Advancing palliative care as a human right.

机构信息

School of Public Health & Family Medicine, University of Cape Town, Cape Town, South Africa.

出版信息

J Pain Symptom Manage. 2009 Nov;38(5):767-74. doi: 10.1016/j.jpainsymman.2009.03.003. Epub 2009 Sep 24.

Abstract

The international palliative care community has articulated a simple but challenging proposition that palliative care is an international human right. International human rights covenants and the discipline of palliative care have, as common themes, the inherent dignity of the individual and the principles of universality and nondiscrimination. However, when we consider the evidence for the effectiveness of palliative care, the lack of palliative care provision for those who may benefit from it is of grave concern. Three disciplines (palliative care, public health, and human rights) are now interacting with a growing resonance. The maturing of palliative care as a clinical specialty and academic discipline has coincided with the development of a public health approach to global and community-wide health problems. The care of the dying is a public health issue. Given that death is both inevitable and universal, the care of people with life-limiting illness stands equal to all other public health issues.

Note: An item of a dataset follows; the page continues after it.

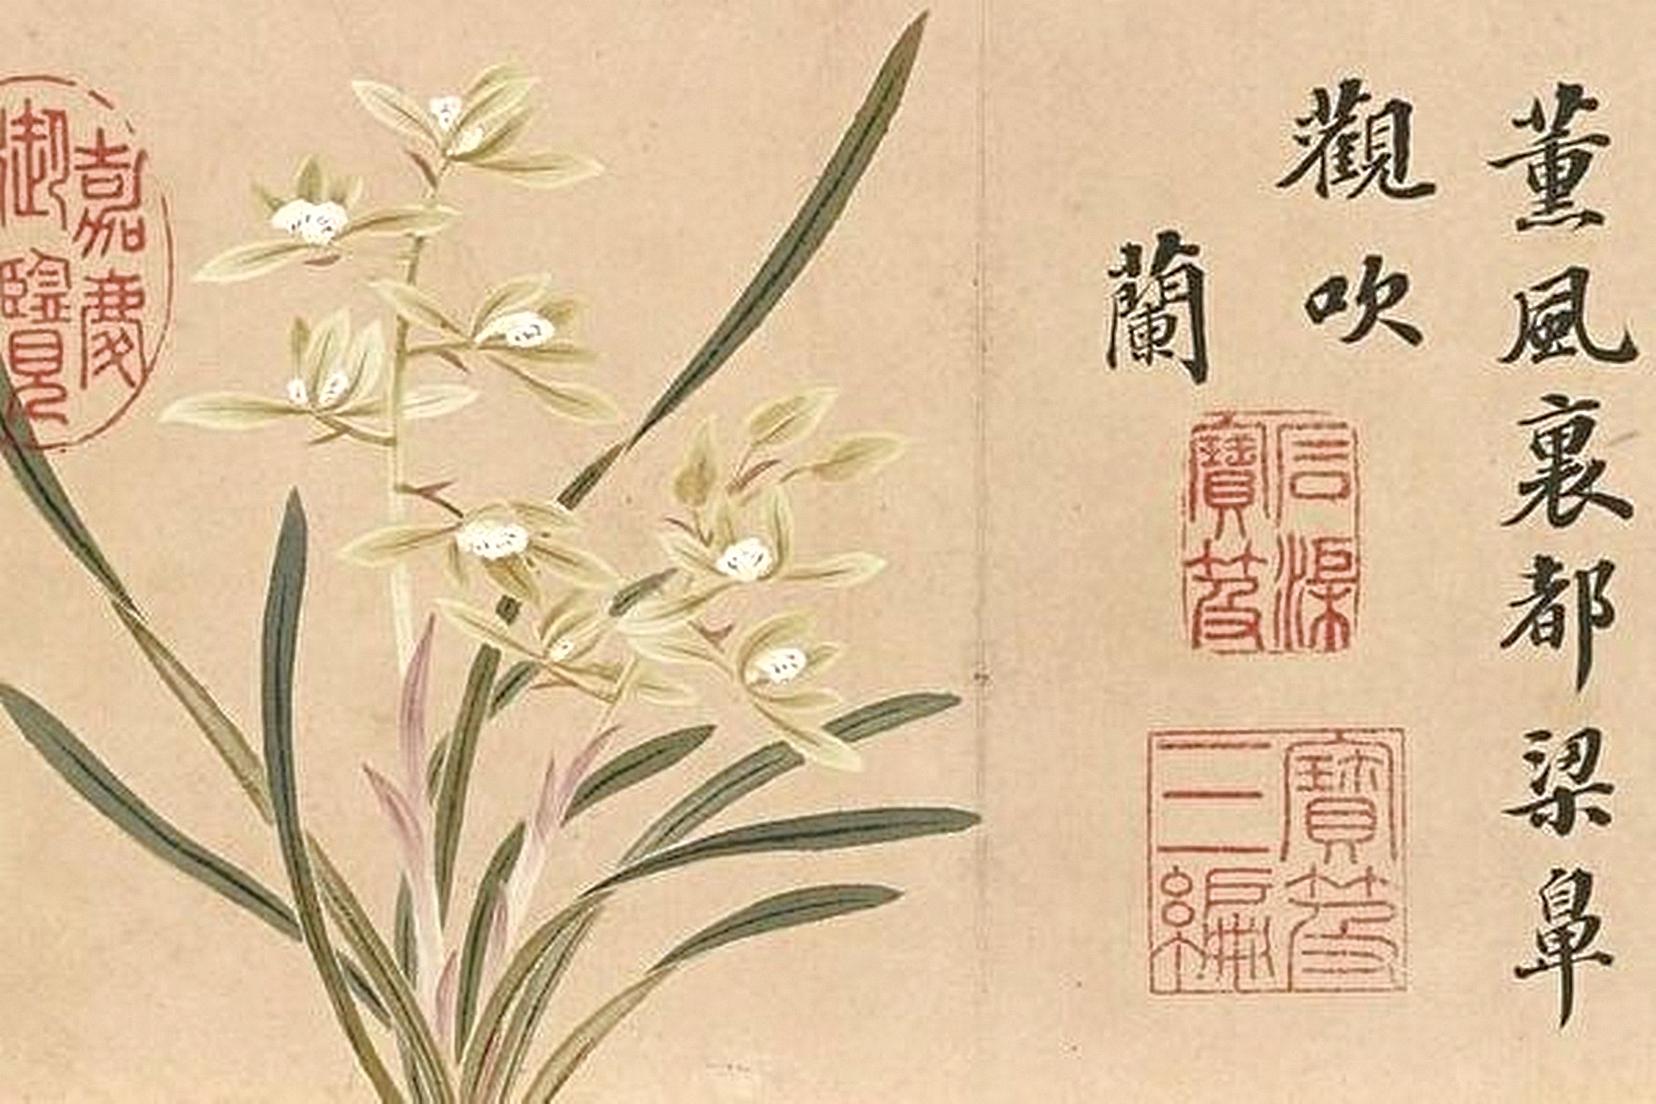 薰風動蘭月,牽動中華文化裡幽幽傳香的孝親情懷。圖為清‧錢維城繪《花卉御題八香圖冊 蘭花》。(台北故宮博物院藏)

The International Covenant on Economic, Social and Cultural Rights (ICESCR) includes the right to health care and General Comment 14 (paragraph 34) CESCR stipulates that "States are under the obligation to respect the right to health by, inter alia, refraining from denying or limiting equal access for all persons, ... to preventive, curative and palliative health services." However, these rights are seen to be aspirational-rights to be achieved progressively over time by each signatory nation to the maximum capacity of their available resources. Although a government may use insufficient resources as a justification for inadequacies of its response to palliative care and pain management, General Comment 14 set out "core obligations" and "obligations of comparable priority" in the provision of health care and placed the burden on governments to justify "that every effort has nevertheless been made to use all available resources at its disposal in order to satisfy, as a matter of priority, [these] obligations." This article describes recent advocacy activities and explores practical strategies for the palliative care community to use within a human rights framework to advance palliative care development worldwide.

摘要

国际姑息治疗社区提出了一个简单但具有挑战性的主张,即姑息治疗是一项国际人权。国际人权公约和姑息治疗学科都以个人的固有尊严以及普遍性和平等不歧视原则为共同主题。然而,当我们考虑姑息治疗有效性的证据时,那些可能从中受益的人却没有得到姑息治疗,这令人深感担忧。现在,姑息治疗、公共卫生和人权这三个学科正在相互作用,并产生越来越大的共鸣。姑息治疗作为一种临床专业和学术学科的成熟发展,恰逢全球和社区范围内健康问题采取公共卫生方法的时机。临终关怀是一个公共卫生问题。鉴于死亡既是不可避免的,也是普遍存在的,因此,对患有绝症的人的关怀与所有其他公共卫生问题同等重要。《经济、社会、文化权利国际公约》(ICESCR)包括医疗保健权利,而委员会第 14 号一般性意见(第 34 段)规定,“各国承担尊重健康权的义务,除其他外,不拒绝或限制所有人平等获得……预防、治疗和姑息保健服务的机会。”然而,这些权利被视为一种愿望,即每个签署国应根据其可用资源的最大能力,逐步实现这些权利。尽管政府可能会将资源不足作为其对姑息治疗和疼痛管理反应不足的理由,但第 14 号一般性意见列出了提供医疗保健方面的“核心义务”和“同等优先的义务”,并将责任推给政府,要求其证明“已尽一切努力利用其可支配的所有现有资源,作为优先事项,履行[这些]义务。”本文描述了姑息治疗界最近的宣传活动,并探讨了姑息治疗界在人权框架内为推动全球姑息治疗发展而使用的实际策略。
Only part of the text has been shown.